Slowing down for Bruckner

Posted on: August 21, 2015

“By the time I was a music major in college, with all the composers of the past competing for my attention, I had decided I could take a pass on Anton Bruckner,” writes Anthony Tommasini in Friday’s (8/21) New York Times. “From my impatient samplings of those symphonies, Bruckner struck me as a kind of ponderously monumental Brahms, or an inert and stretched-out Mahler…. Over the years, I came to appreciate ‘Bruckner time,’ let’s call it; that is, his way of structuring symphonies over long spans. Actually, it was deeper immersion in Wagner and Schubert that opened me to Bruckner, who revered both composers,” particularly Wagner’s Parsifal and Schubert’s Trio No. 2 in E flat for Violin, Cello and Piano, “a great yet stubbornly long work…. I started ‘getting’ Bruckner, particularly the Seventh Symphony…. The slow [first] movement, like a noble funeral ode with stretches of Wagnerian-tinged chorales, now seemed profound and inevitable.

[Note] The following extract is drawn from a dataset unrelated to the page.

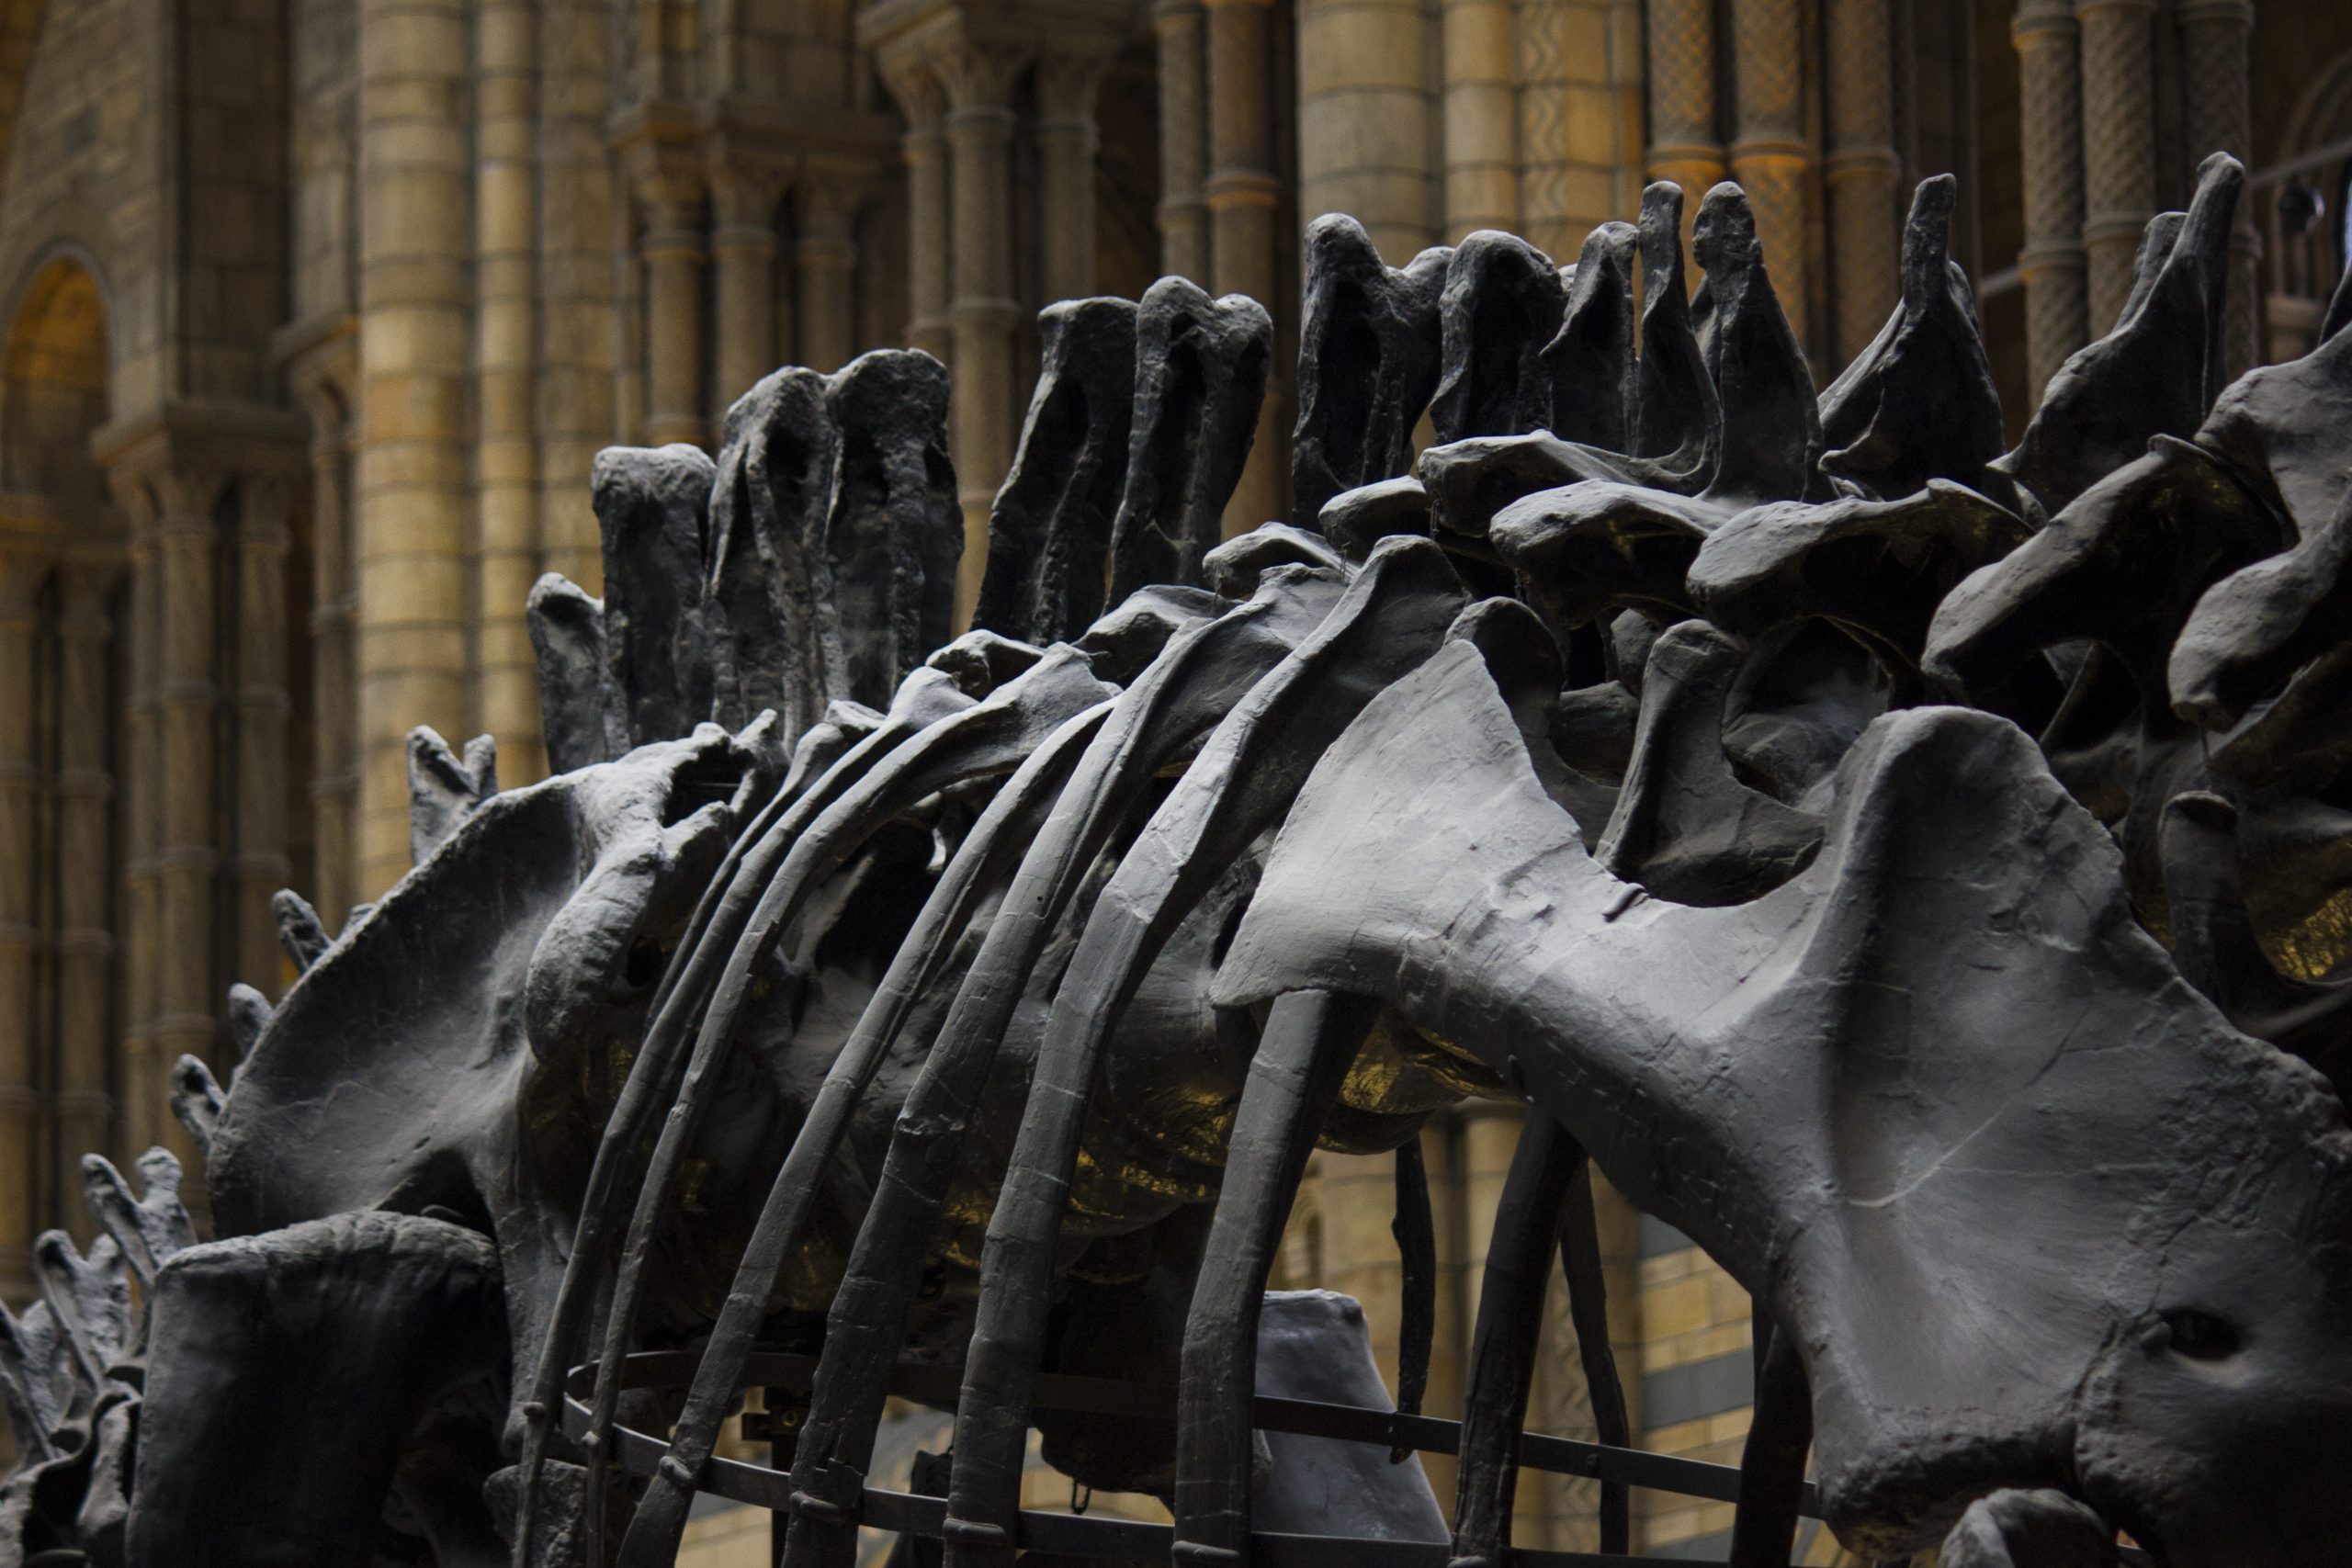 close up of a dark dinosaur spine in the foreground, with a background of stone architecture
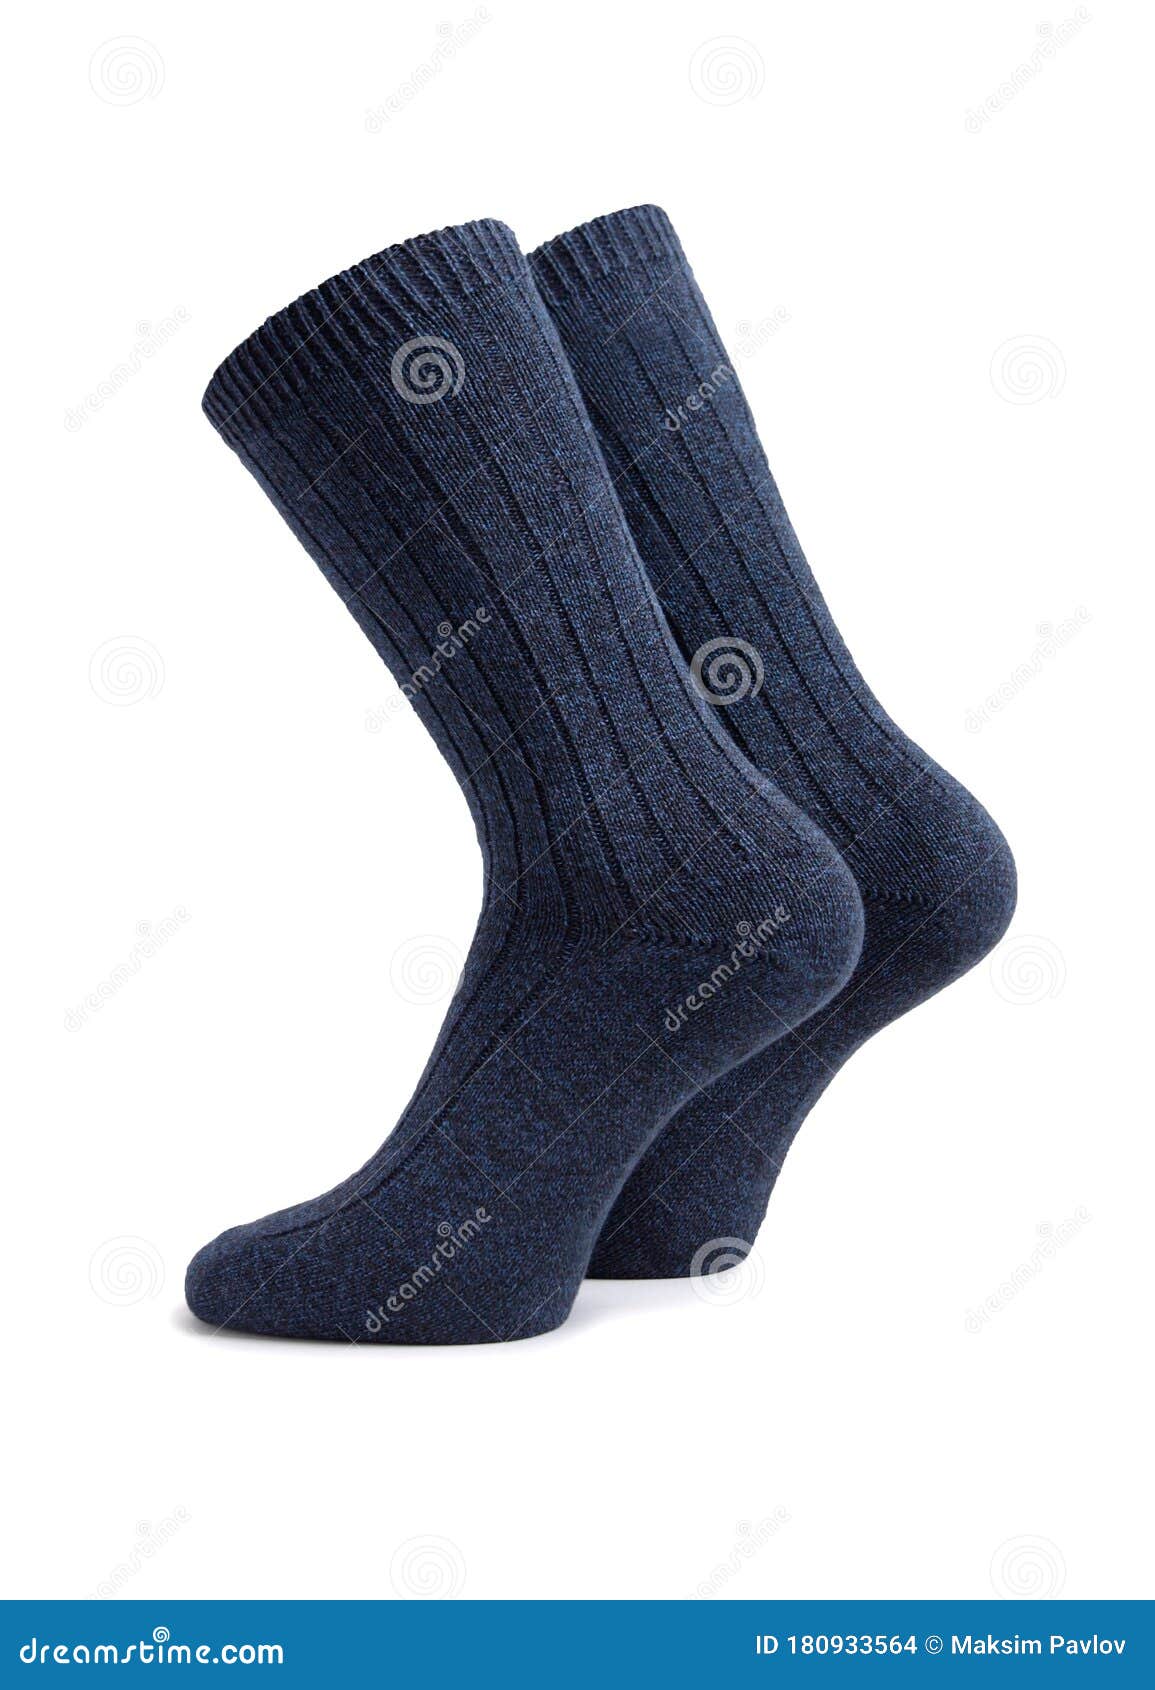 Blue Color Socks Isolated on White Background. One Pair of Socks. Set ...

The scherzo came across like a grimmer, heavy-footed Schubert dance…. In 2010, when Kurt Masur conducted the New York Philharmonic in the Bruckner Seventh, I took along a playwright/director friend, Alec Duffy, who didn’t know the piece at all. ‘You have to hear it,’ I told him…. I never imagined I’d someday be turning anyone on to the Bruckner Seventh.”